- Opening Delimiter -
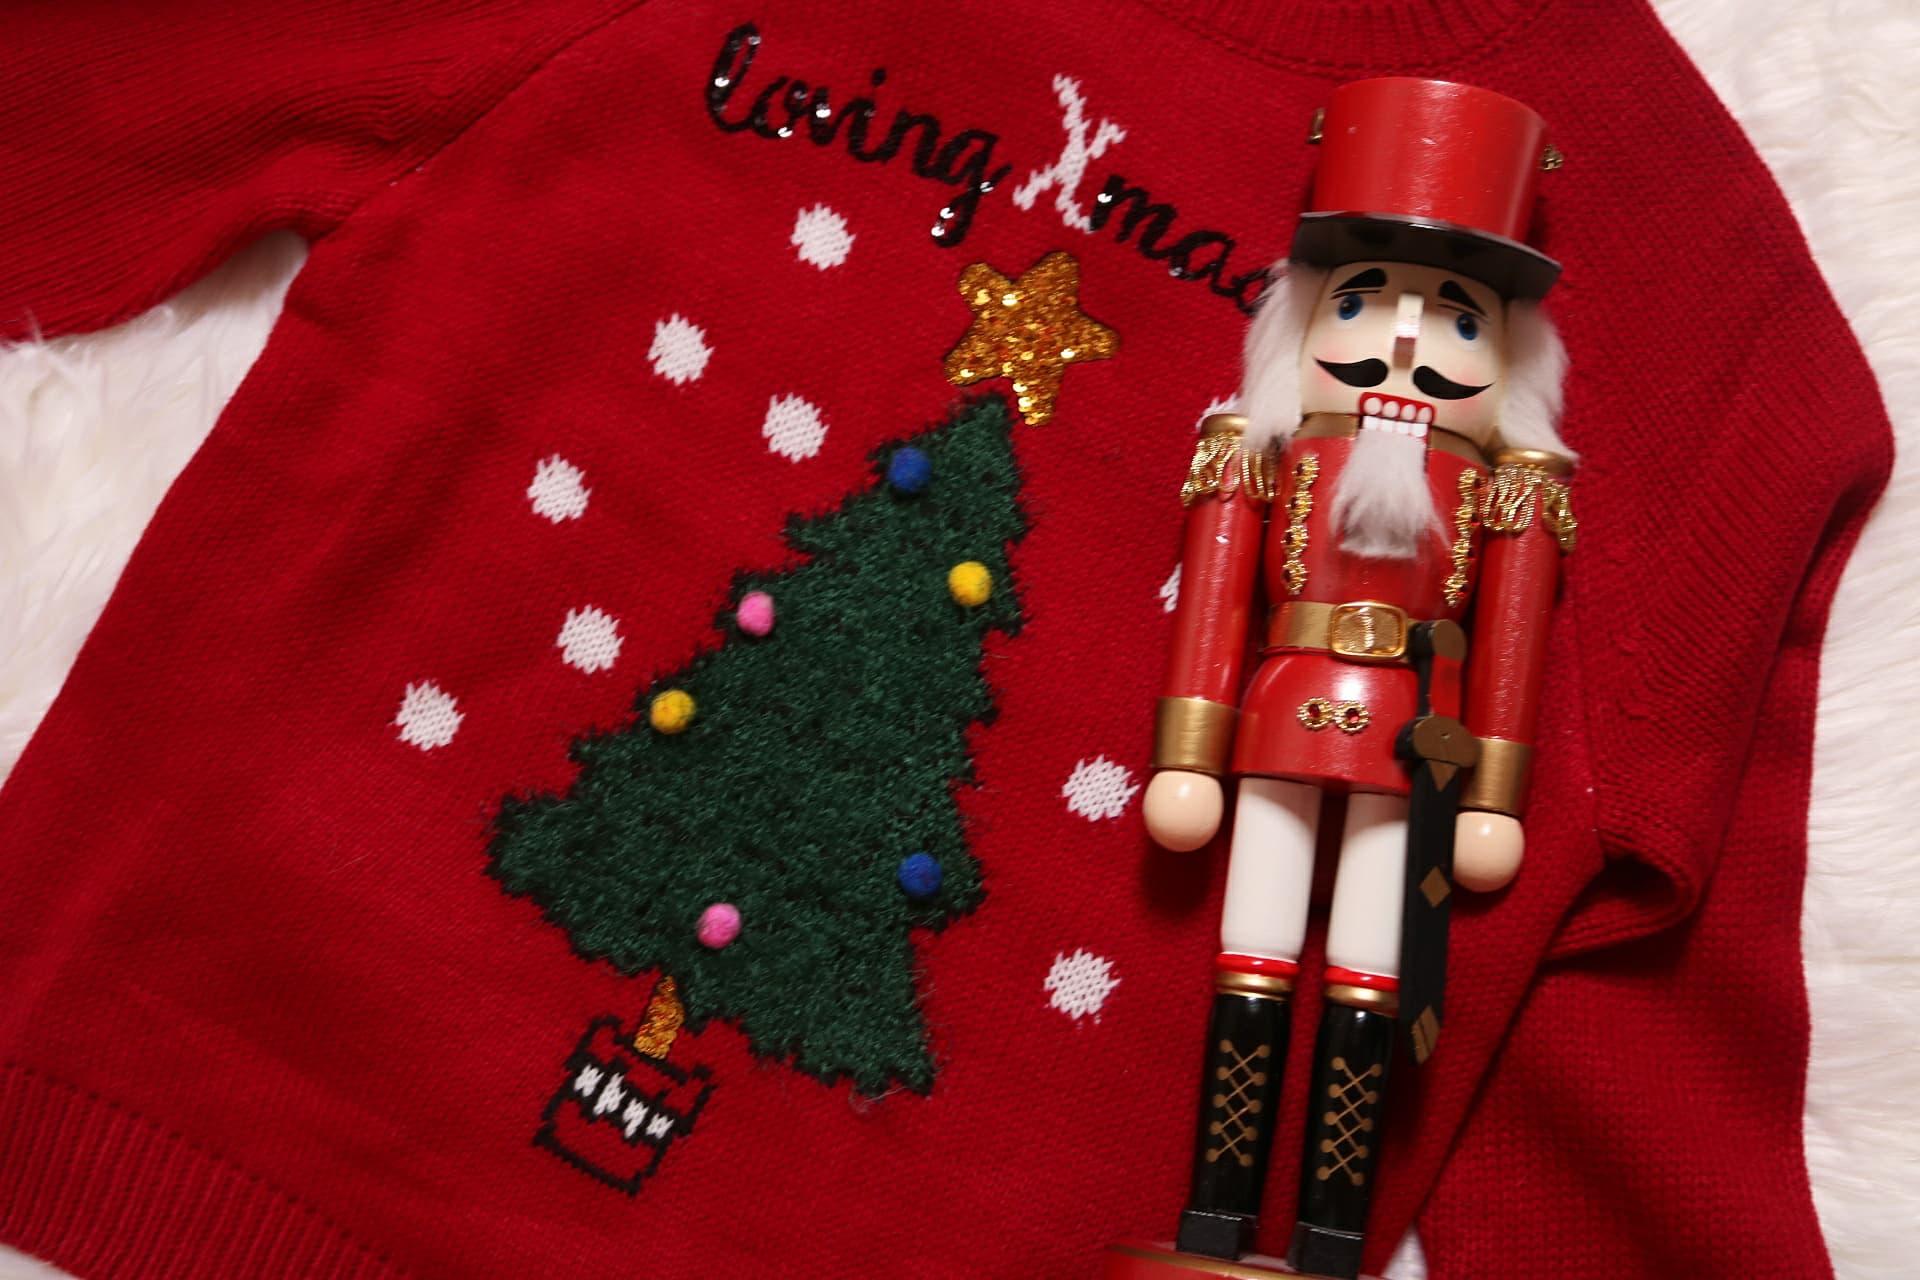 <a class=&quot;amazingslider-posttitle-link&quot; href=&quot;http://www.ahmagazin.com/konyvek/karacsonyi-ajandekotletek-lanyoknak/&quot; target=&quot;_self&quot;>Karácsonyi ajándékötletek lányoknak</a>
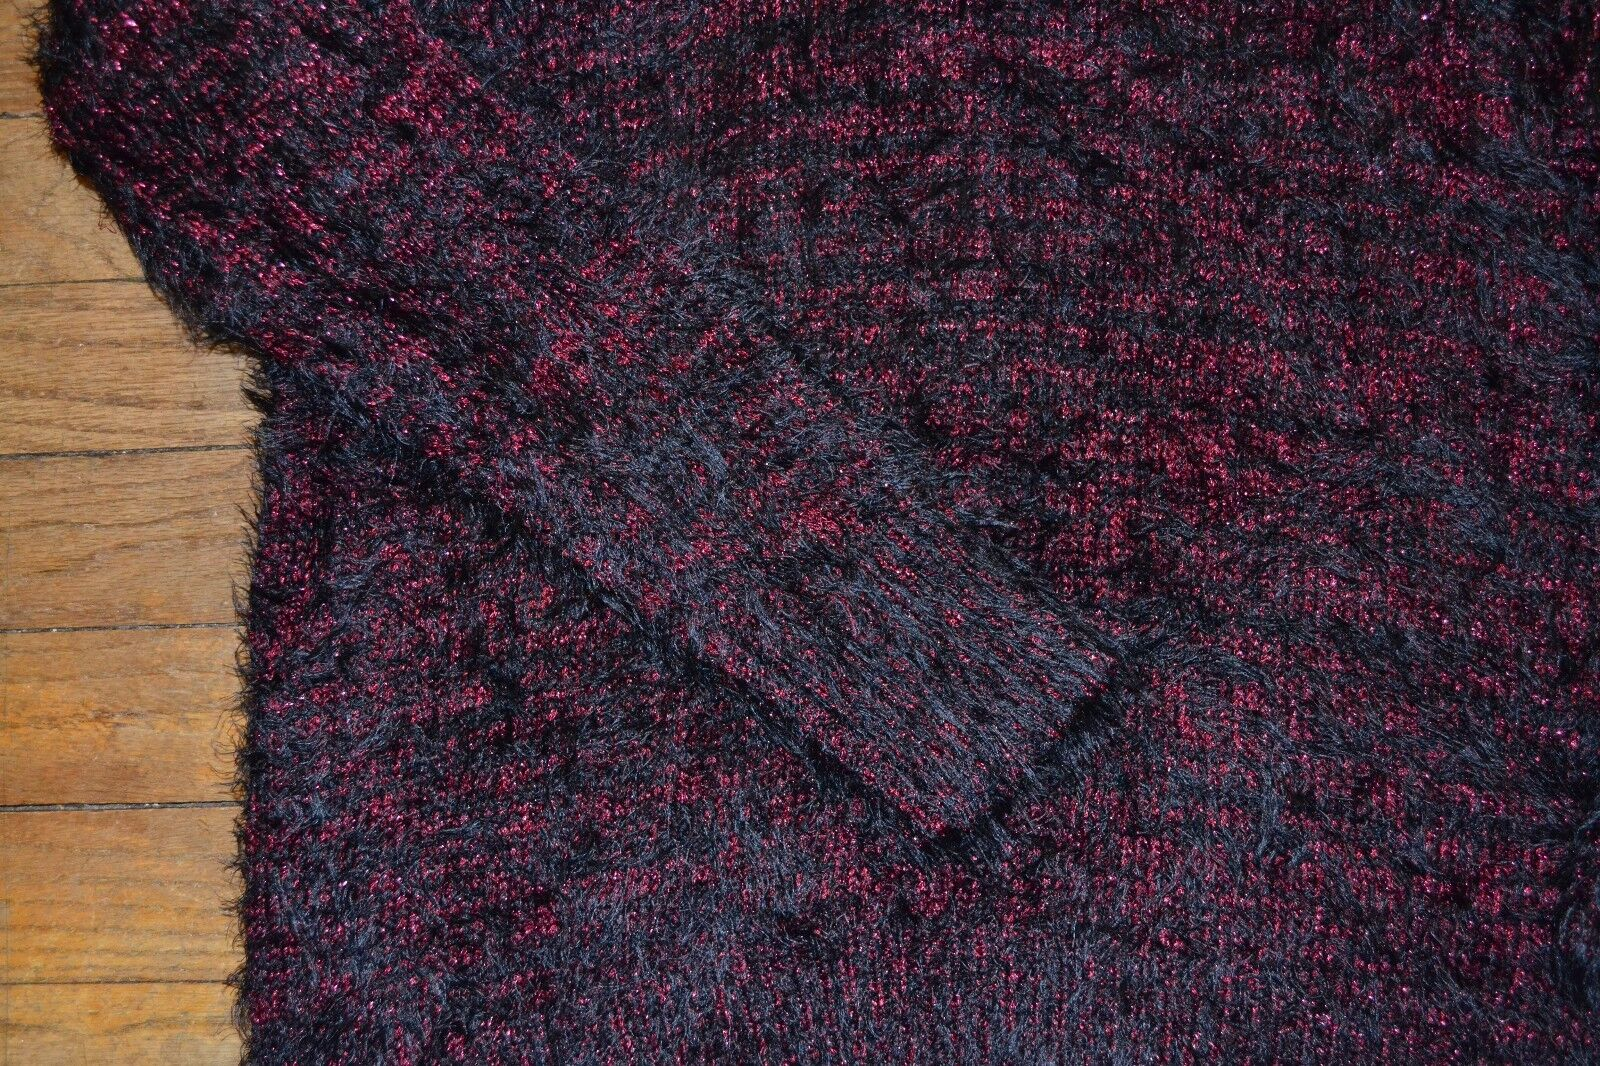 Rock /& Republic V Neck ULTRA SOFT Sweater Wine Reliquary Rose Metallic MSRP $60
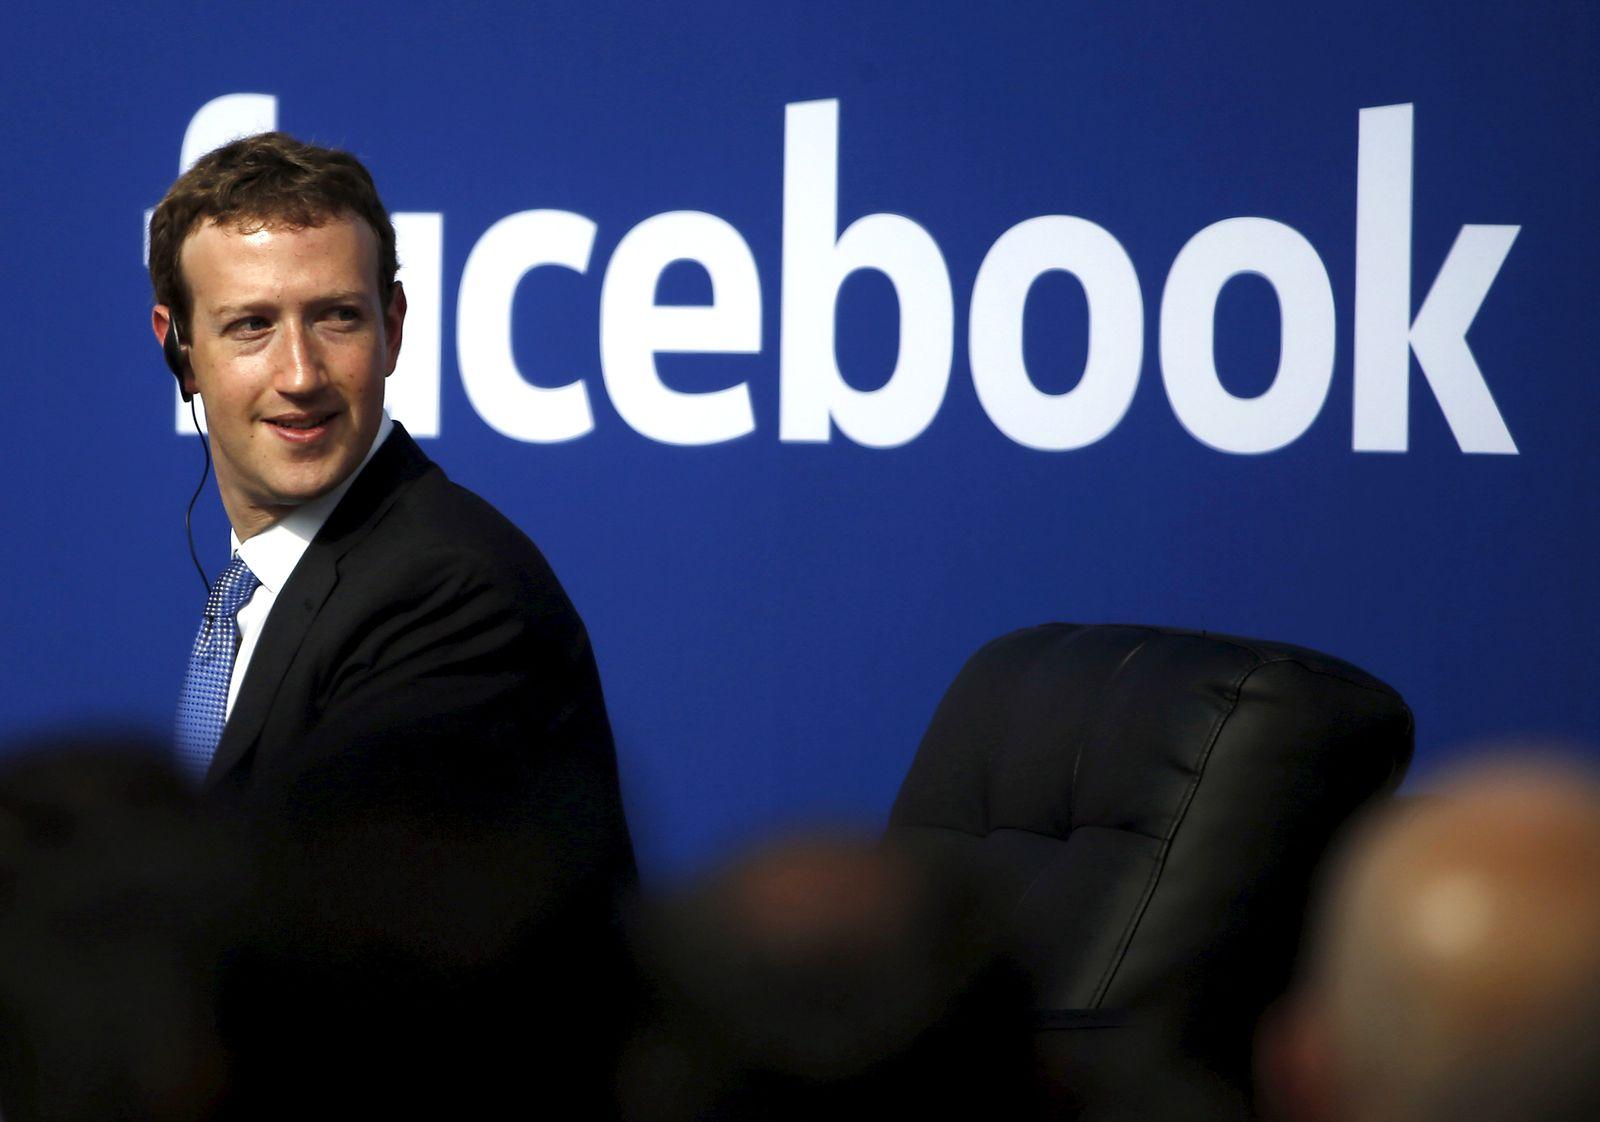 Facebook/ Zuckerberg
- Closing Delimiter -
### ACTIVITY
All of the material goes into the answer exactly as it stands, except for the pictures.

### RESULT BELOW
 <a class=&quot;amazingslider-posttitle-link&quot; href=&quot;http://www.ahmagazin.com/konyvek/karacsonyi-ajandekotletek-lanyoknak/&quot; target=&quot;_self&quot;>Karácsonyi ajándékötletek lányoknak</a>
 Rock /& Republic V Neck ULTRA SOFT Sweater Wine Reliquary Rose Metallic MSRP $60
 Facebook/ Zuckerberg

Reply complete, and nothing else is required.